Dataset extract →
================

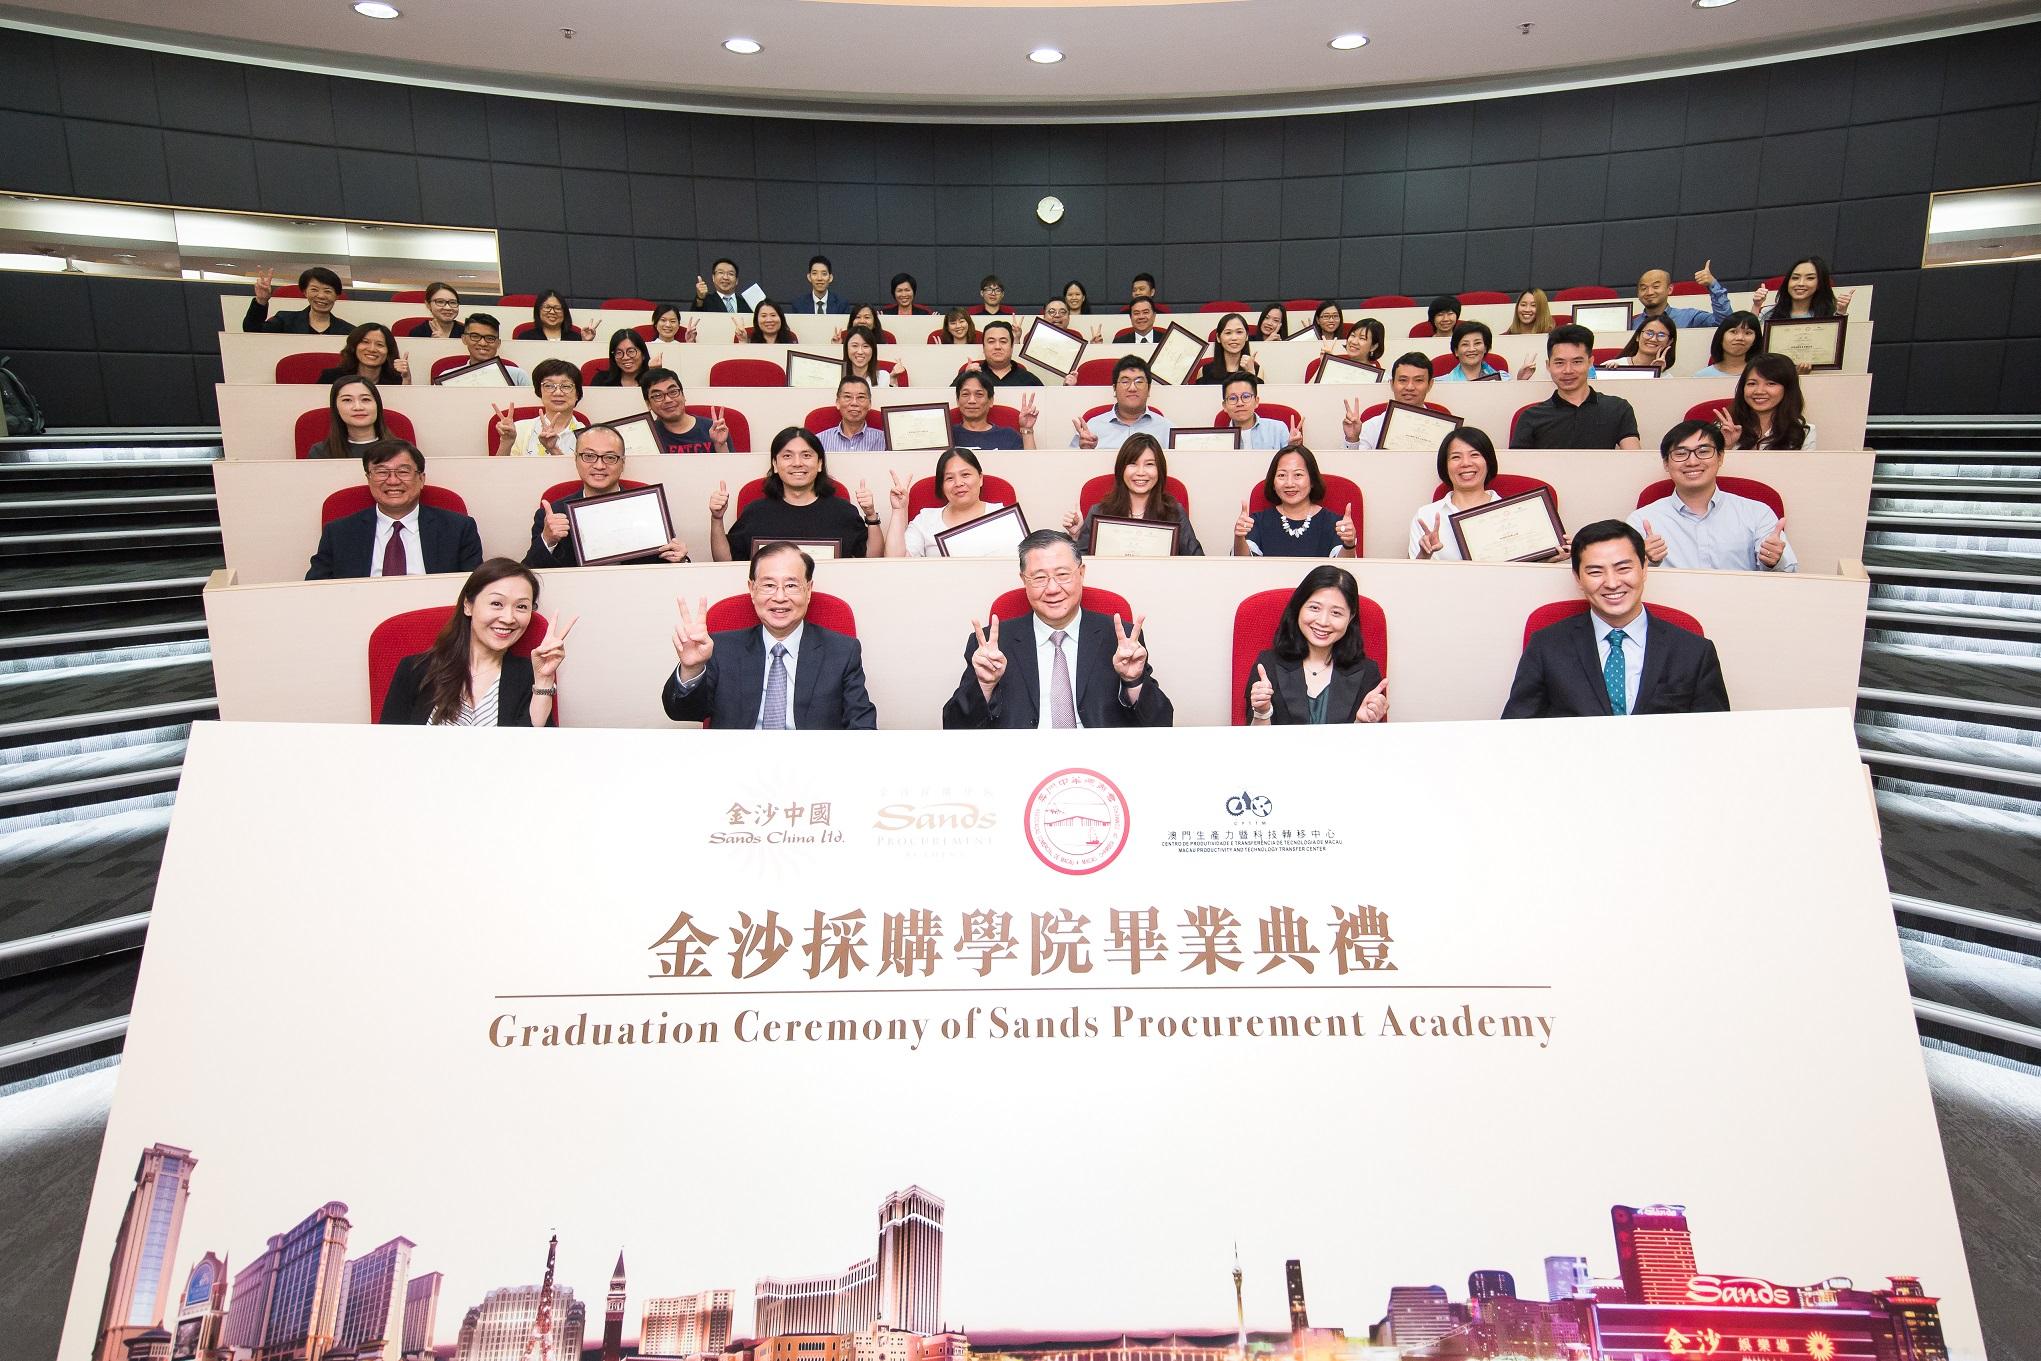 金沙採购学院第三届学员毕业典礼 - 金沙中国
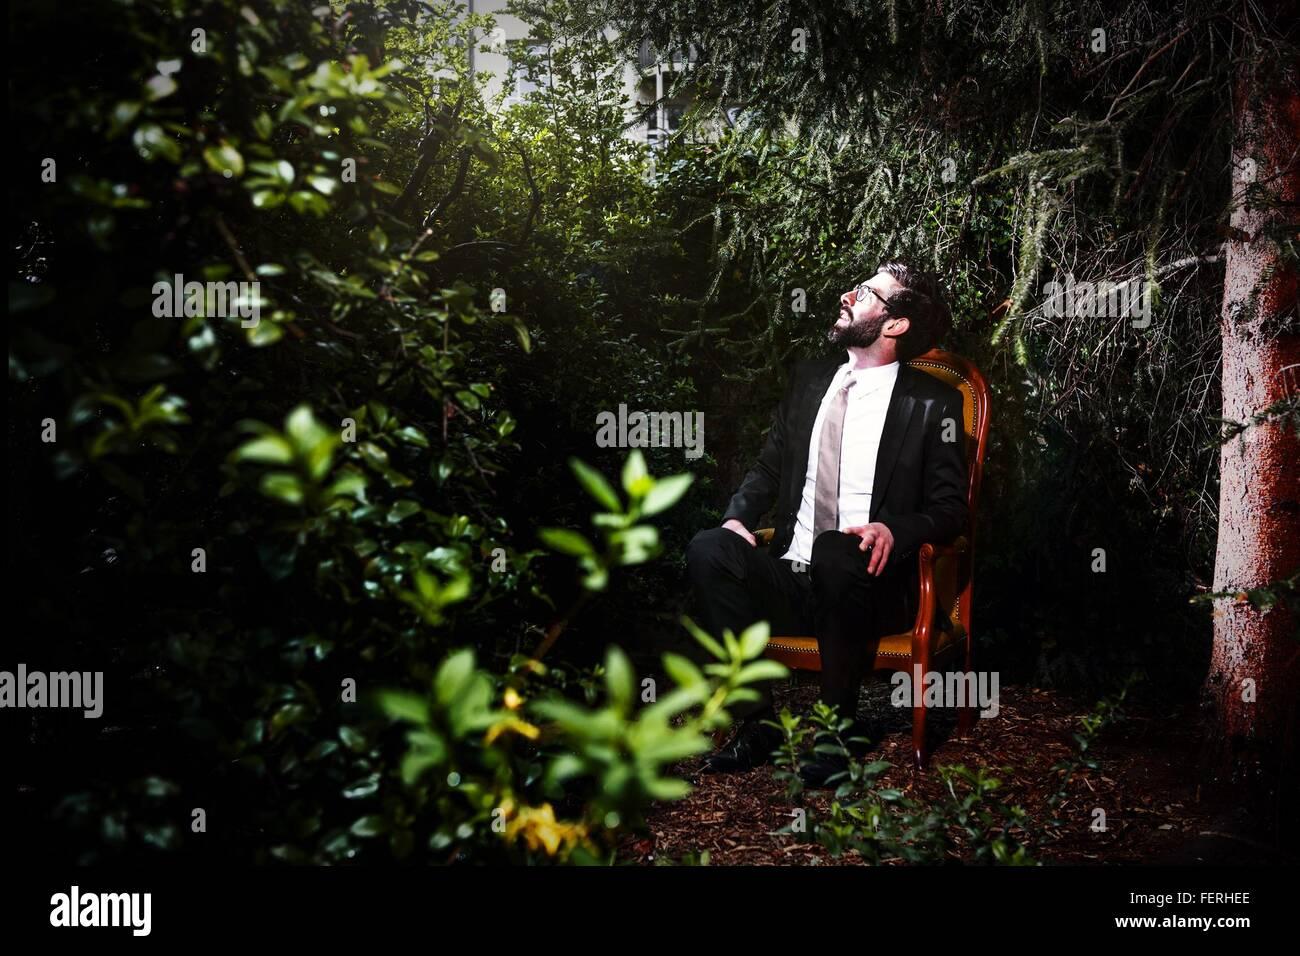 Mann trägt Anzug In Hof auf Stuhl sitzend und nachschlagen Stockbild
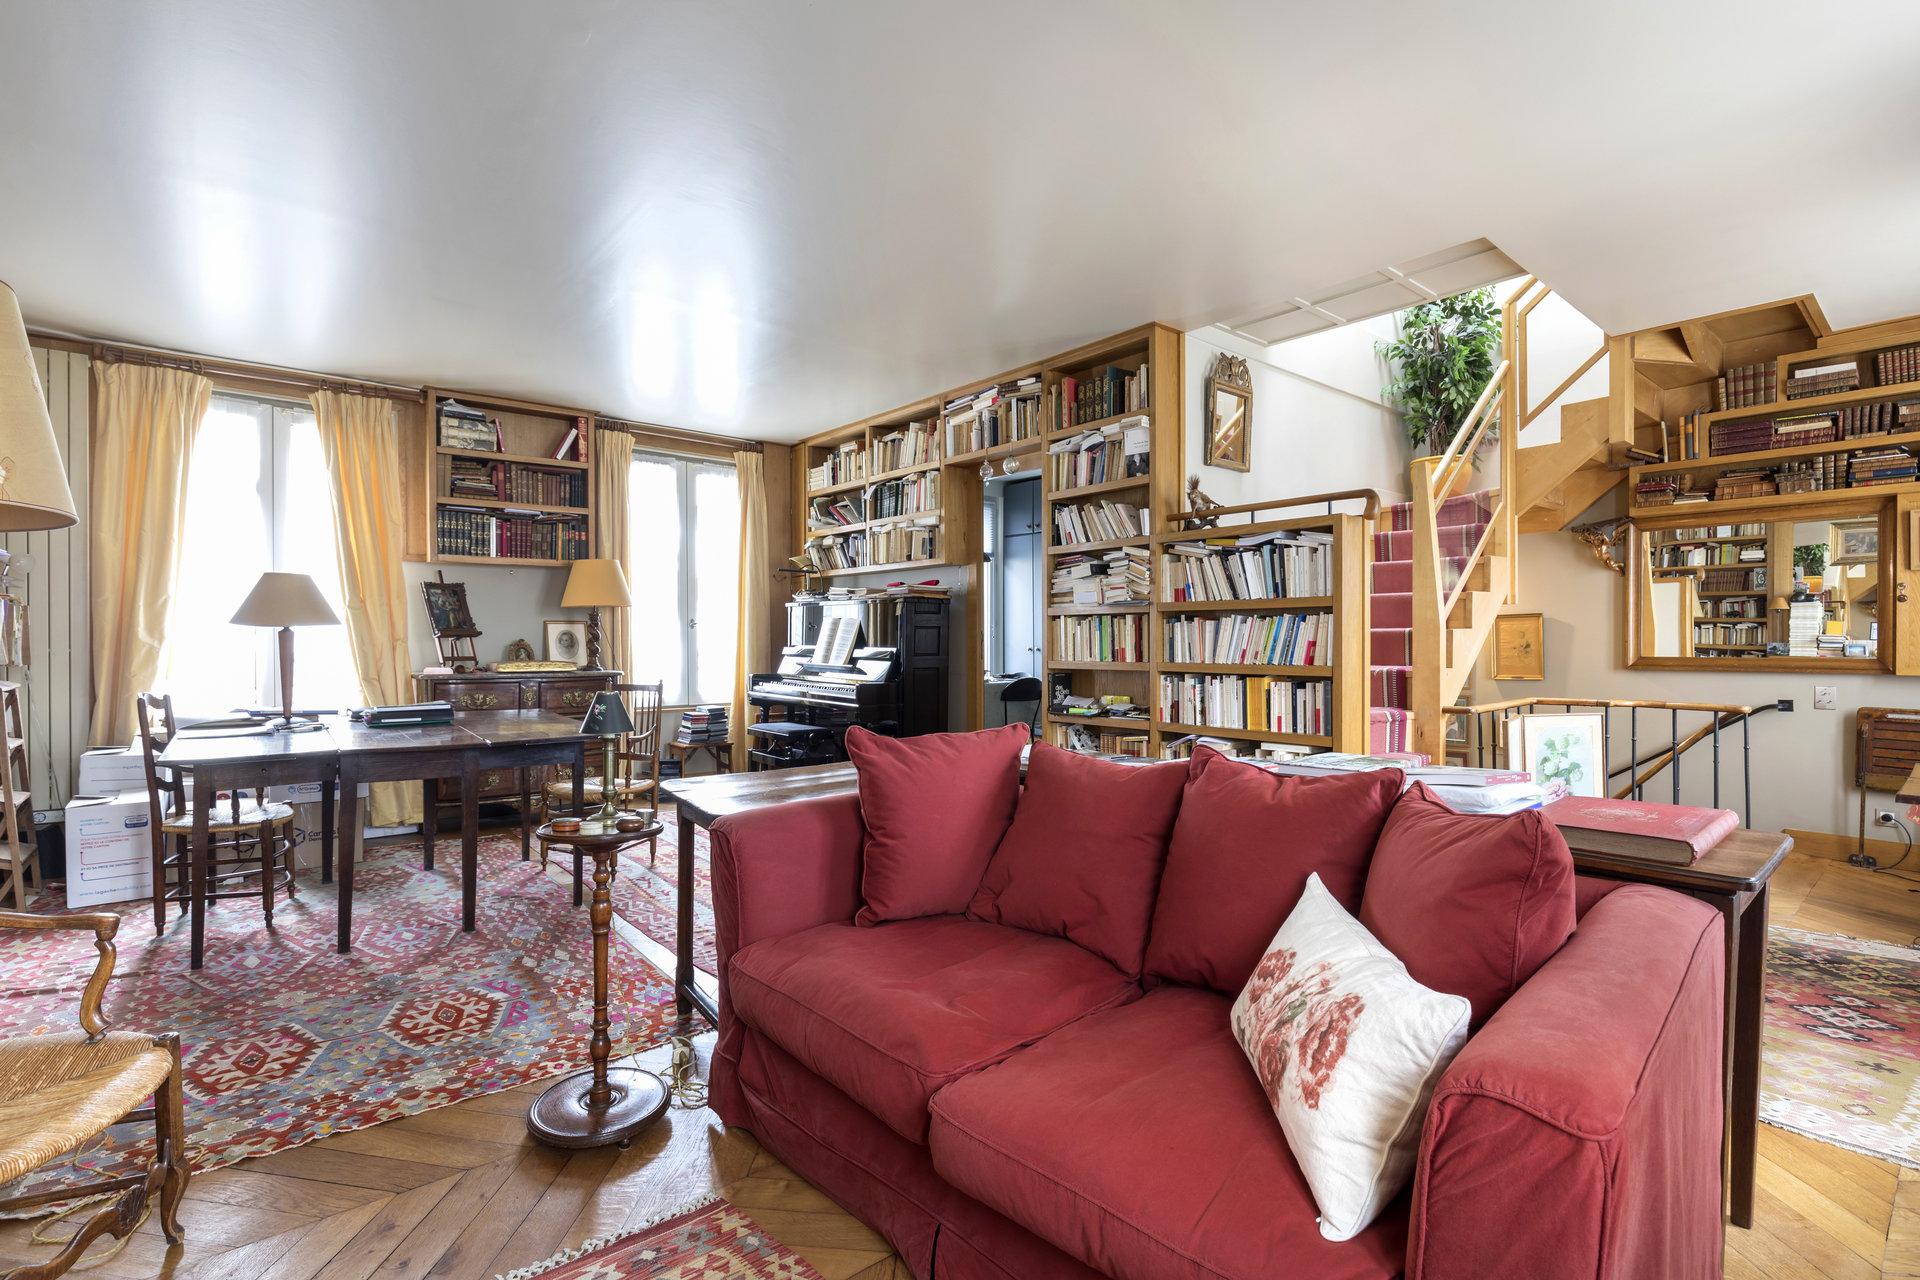 Sale Apartment Paris 14th Petit-Montrouge

================

Task directions →
None of the pictures belong in the copy; repeat all other material exactly.

Task response →
 金沙採购学院第三届学员毕业典礼 - 金沙中国
 Mann trägt Anzug In Hof auf Stuhl sitzend und nachschlagen Stockbild
 Sale Apartment Paris 14th Petit-Montrouge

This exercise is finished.